The same principle is being applied at a new housing development in Hoog Dalem, the Netherlands — part of the Universal Smart Energy Framework project being rolled out by a consortium of companies, including ABB, IBM and Stedin.

Solar-panelled homes are equipped with batteries to store the energy produced during the day for use when the sun goes down.

Used in conjunction with smart meters — which help businesses and domestic users manage electricity use more efficiently — home batteries could revolutionise the way we consume energy, proponents argue.

‘Three tennis courts’

Larger battery plants such as Smarter Network Storage (SNS) in Leighton Buzzard, UK, are also likely to play a big role.

The plant comprises 50,000 lithium-ion battery cells, across a site the size of three tennis courts.

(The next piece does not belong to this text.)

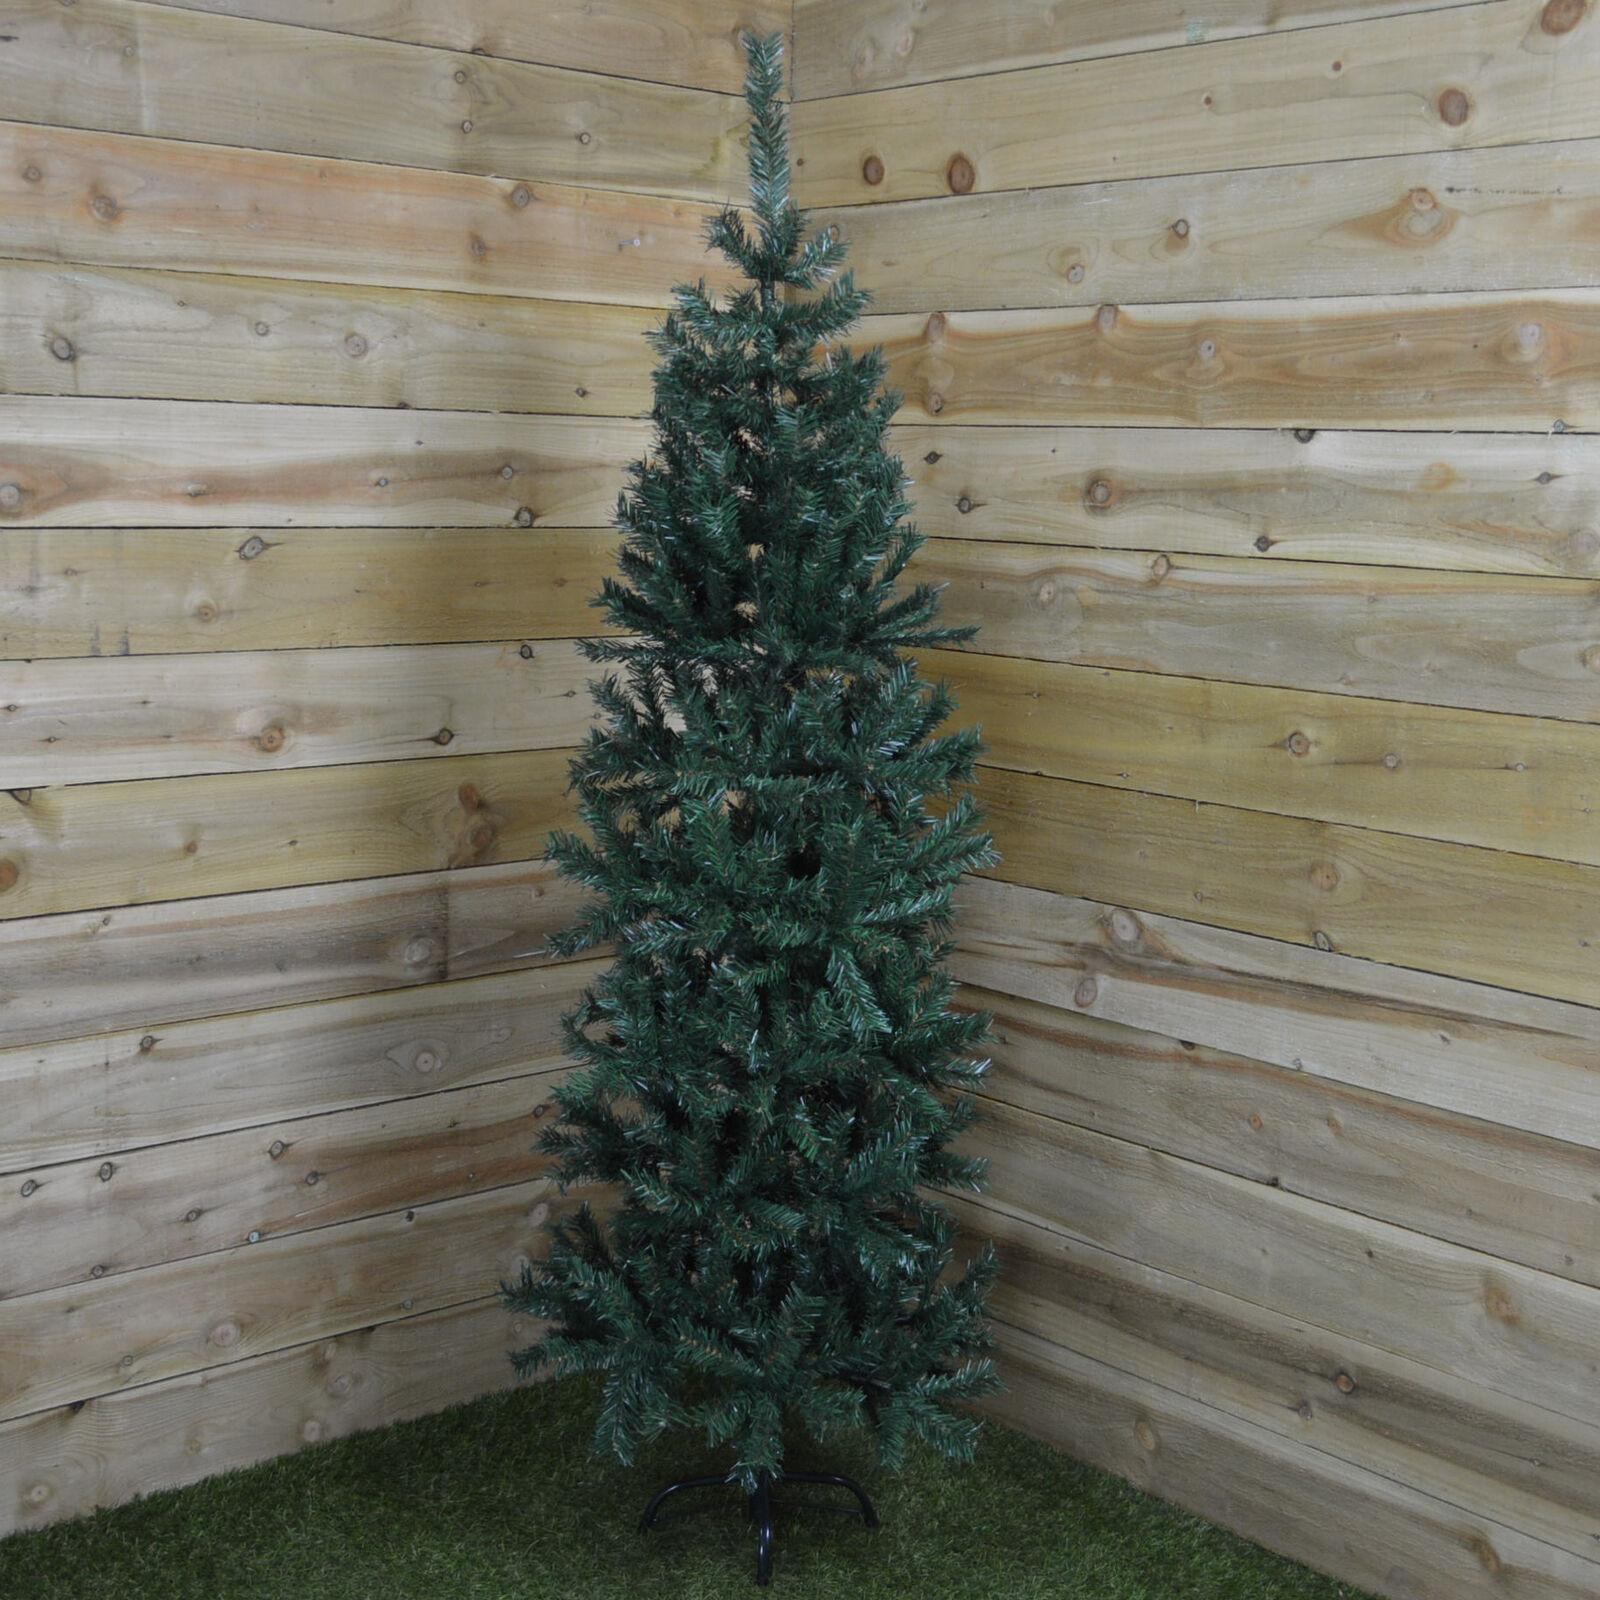 240cm (8ft) Premier Slim Christmas Pine Tree in Green 91cm Wide

It can store enough energy to power 1,100 typical UK homes for a day during times of average demand.

Nick Heyward, who manages the UK Power Networks project, explains that our electricity grids need to balance supply and demand at all times, but they are struggling to cope as more wind and solar power comes online.

«One solution could be to add capacity to the existing grid, but that could be very expensive and disruptive,» he says. «And then you have the problem of energy curtailment — where wind and solar plants are switched off when there isn’t much demand, which is a waste.»

Storage systems like SNS offer the ability to export energy to the grid at times of high demand, and keep it in reserve when demand is low.

Mr Heyward believes that if such plants were replicated across the UK, it could unlock more than ВЈ600m ($895m) of benefits annually by 2040.

Green but unclean?

But environmentalists are concerned that many of the constituents in the conventional battery, such as cobalt and nickel, are pollutants. So the race is on to find cleaner alternatives.

Aquion’s saltwater and manganese oxide battery is made from more sustainable materials than the typical lithium-ion battery, tolerates more charge and discharge cycles, costs less, and doesn’t catch fire, the company maintains.

Ambri, meanwhile, has developed a liquid metal battery, which it says is low-cost and emissions free. It also says its liquid electrodes are stronger than the solid ones found in common batteries, and thus less susceptible to failure.

While such innovations may be welcome, the fact remains that the US still derives the vast majority of its electrical storage from pumped hydro — which is not one of the most efficient energy storage technologies.

The number of projects in the pipeline bodes well, says the Energy Storage Association, but we are still a long way from the storage levels we need.

One big impediment is regulation — or lack of it. Governments around the world are only now beginning to respond to this new energy landscape.